Ask HN: Which is the best place to get your SSL certificate? - maurosicard
I want to install SSL on all my sites, but I am wondering where should I buy the certificate?<p>Some people suggest Let&#x27;s Encrypt, but anothers say as it is free it does not work very well.<p>What do you suggest?
======
kevinmitnick
Lets encrypt will work find, but they are offering SSL for 90 days only. That
means you need to reissue your certificate for each 90 days of interval. This
will become more hectic.
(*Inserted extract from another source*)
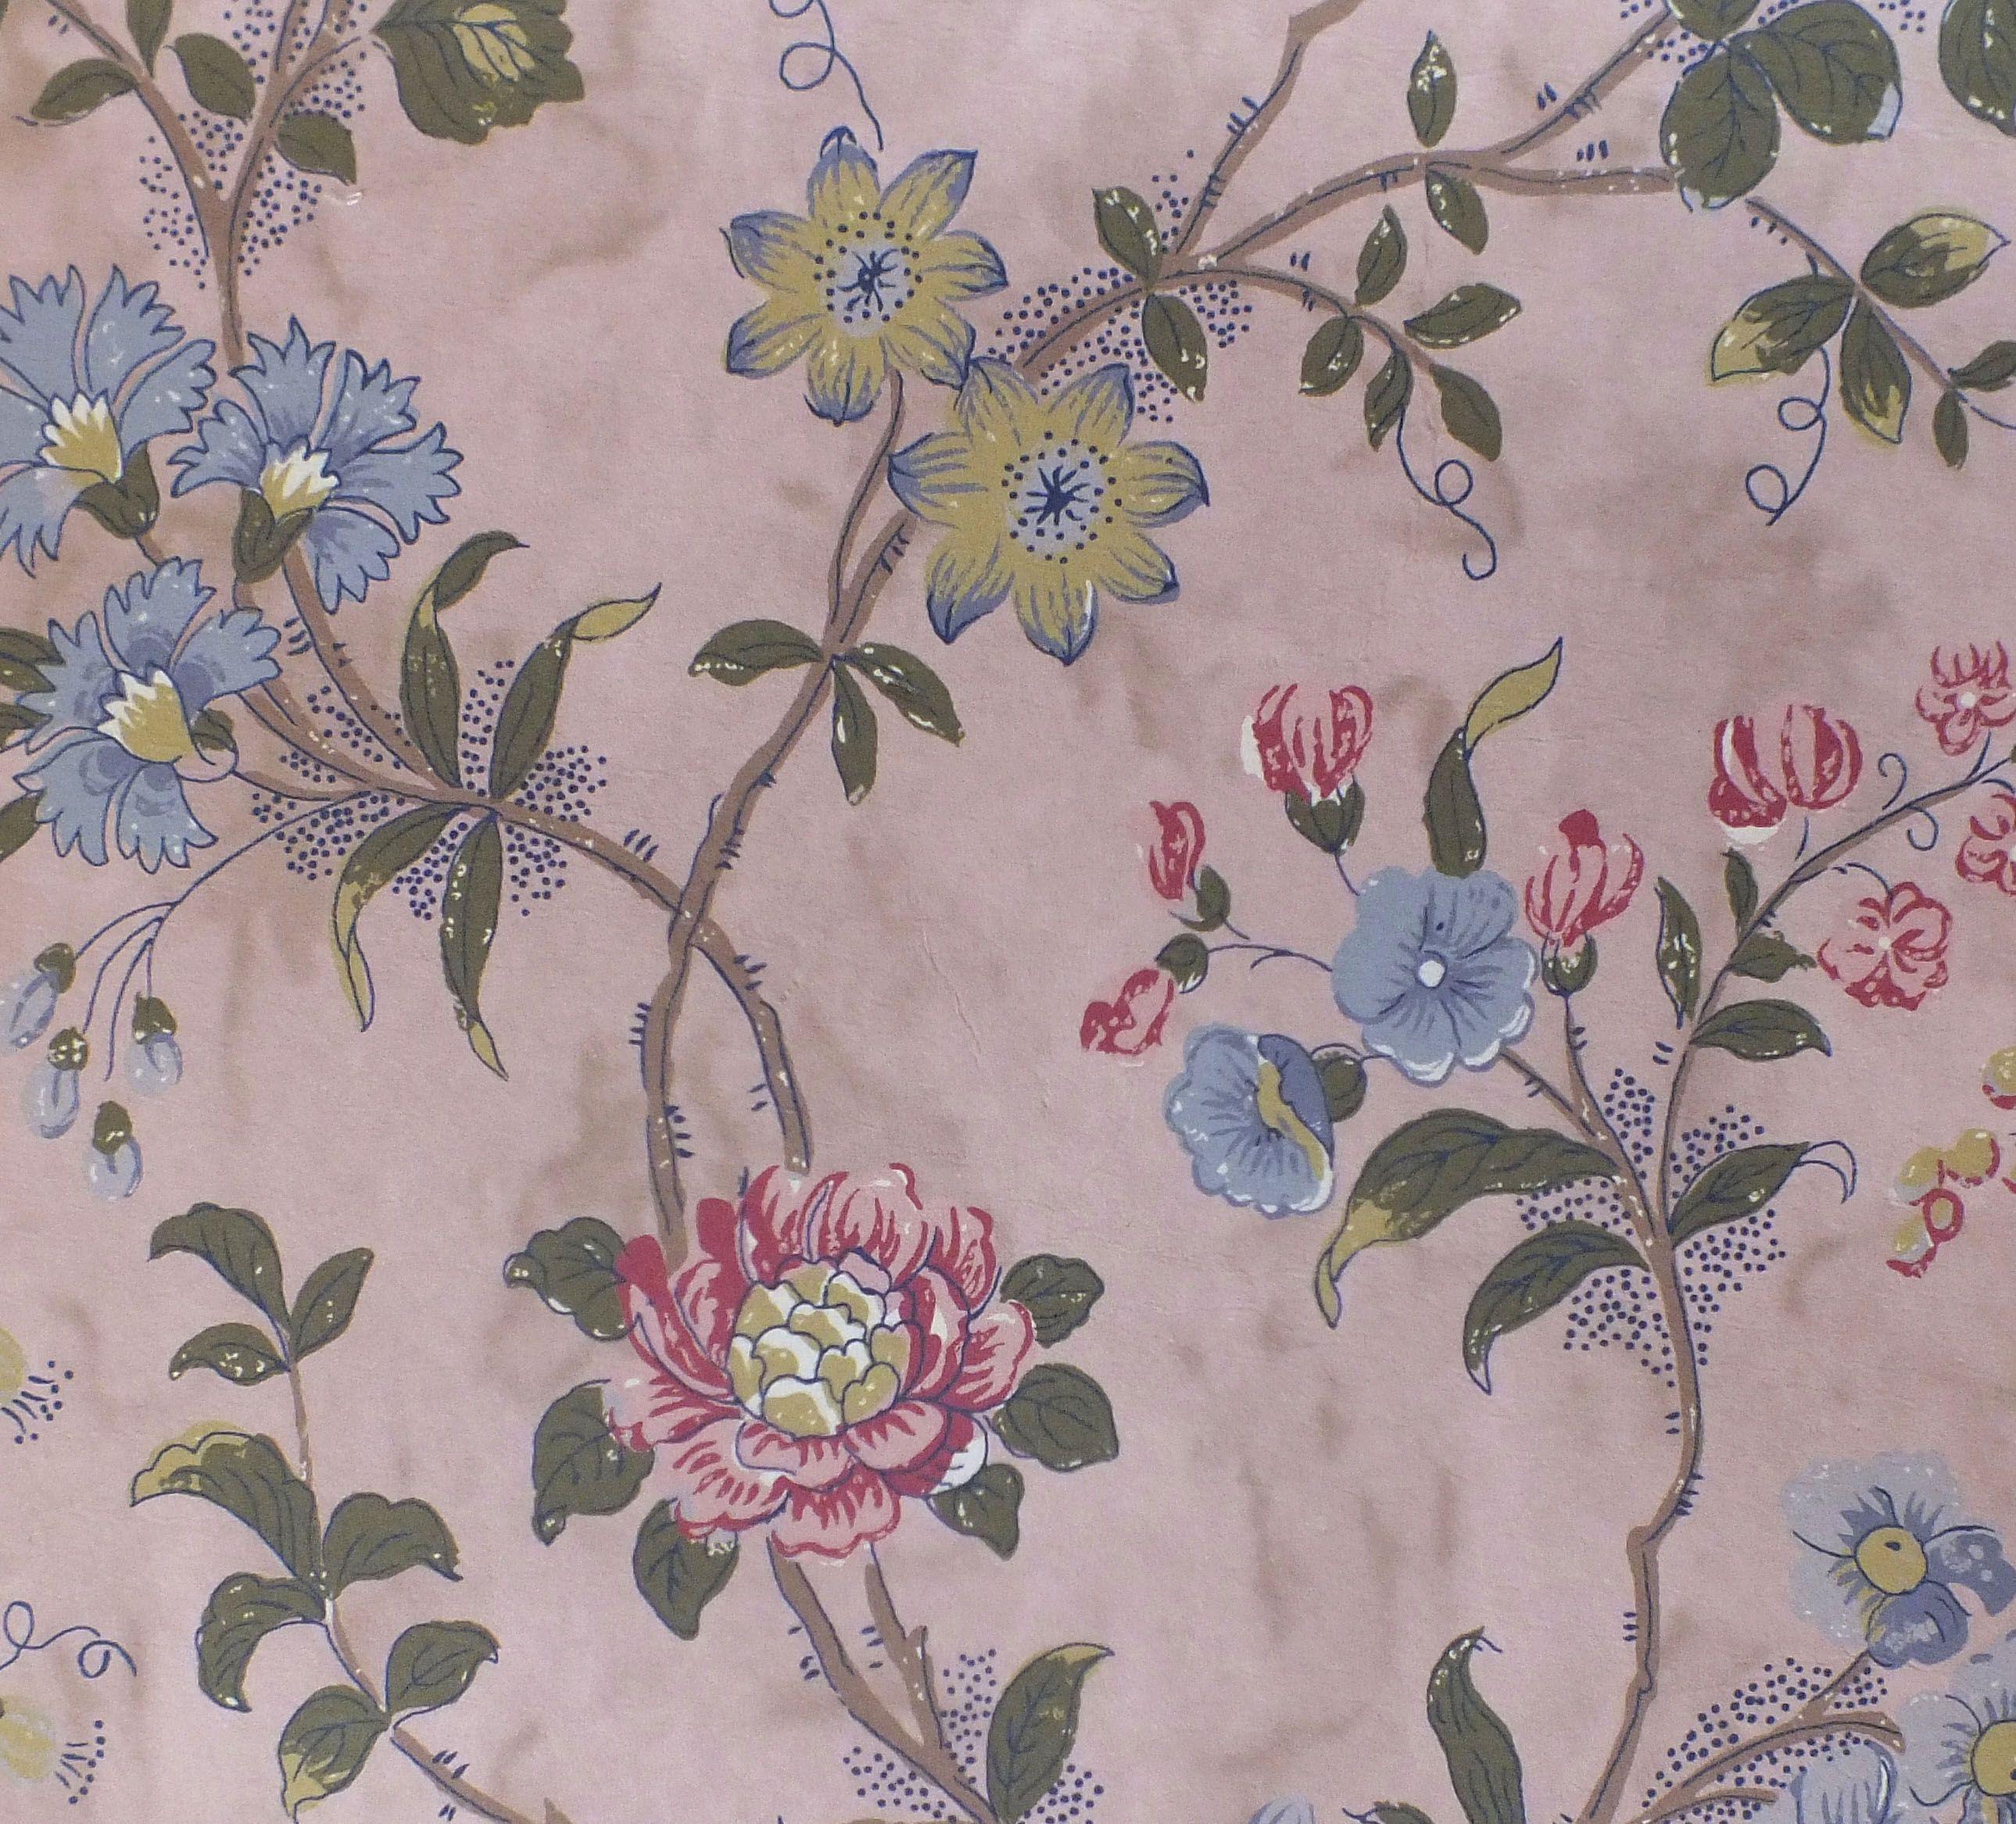 Tuileries Wallpaper In Plaster Pink, Watts 1874
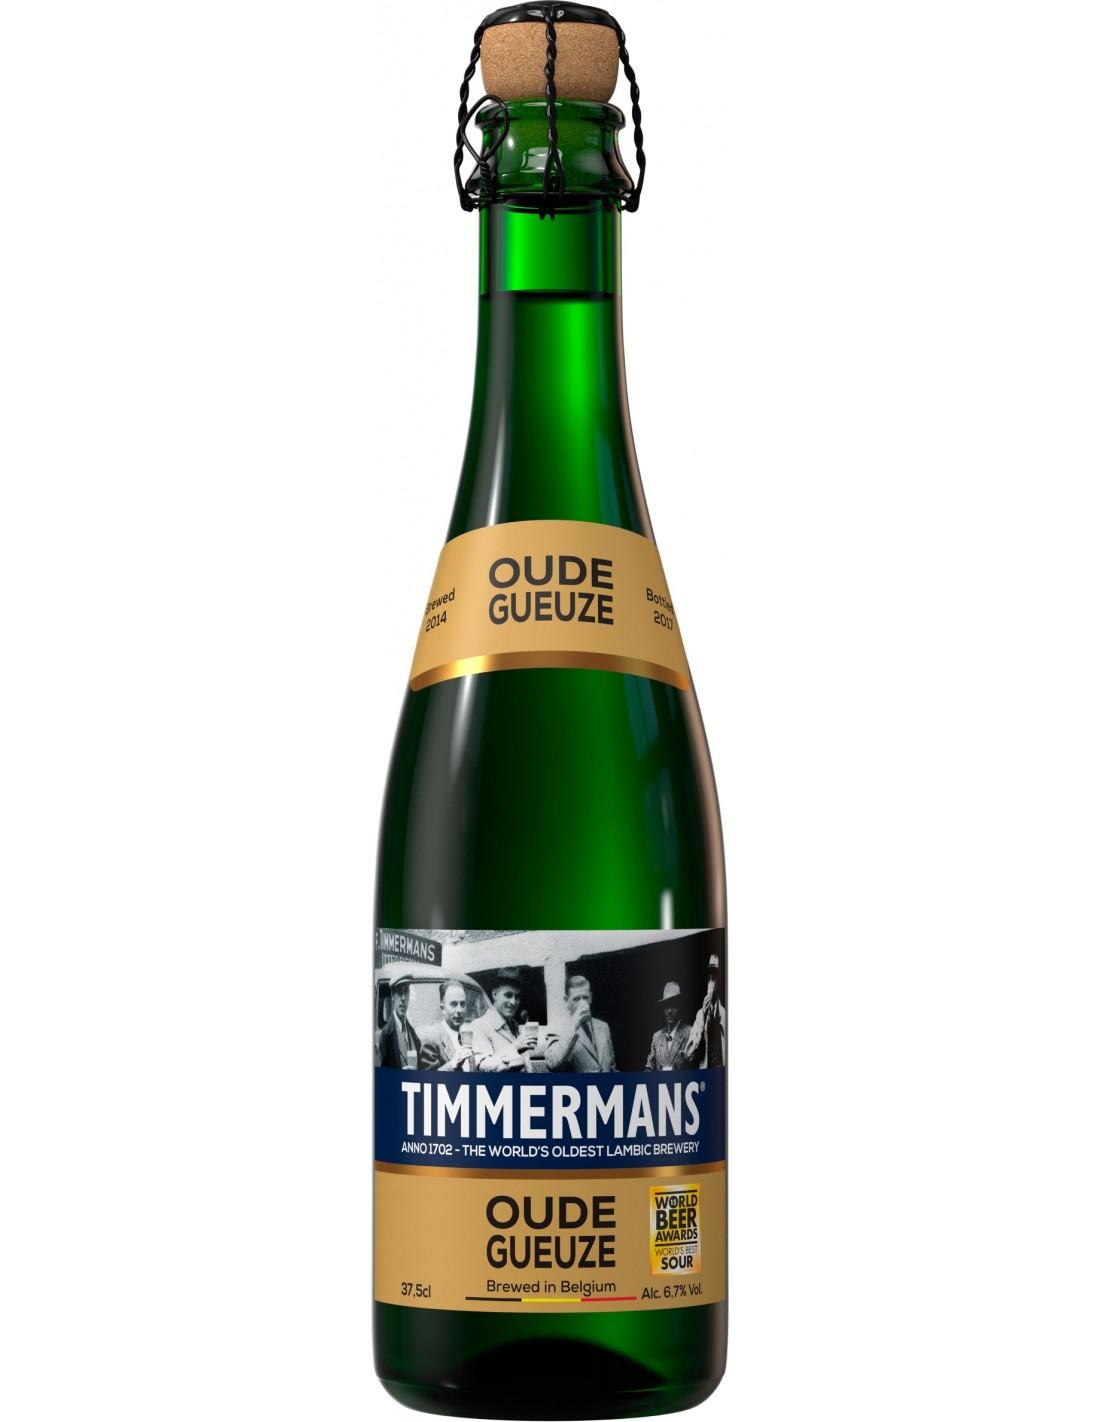 Bere blonda, nefiltrata Timmermans Oude Gueuze, 6.7% alc., 0.37L, Belgia

And if you forgot to reissue your website will no
longer be encrypted.

It will be better to get SSL Certificate from trusted SSL Certificate
Authorities.

Here's the comparison of Domain Validated SSL Certificate of Trusted
Certificate Authority - [https://aboutssl.org/comparison-of-domain-validated-
dv-ssl-c...](https://aboutssl.org/comparison-of-domain-validated-dv-ssl-
certificates).

------
PaulBurke
Let’s Encrypt SSL certificate is not recommended for business level websites,
as it is limited for domain validation only.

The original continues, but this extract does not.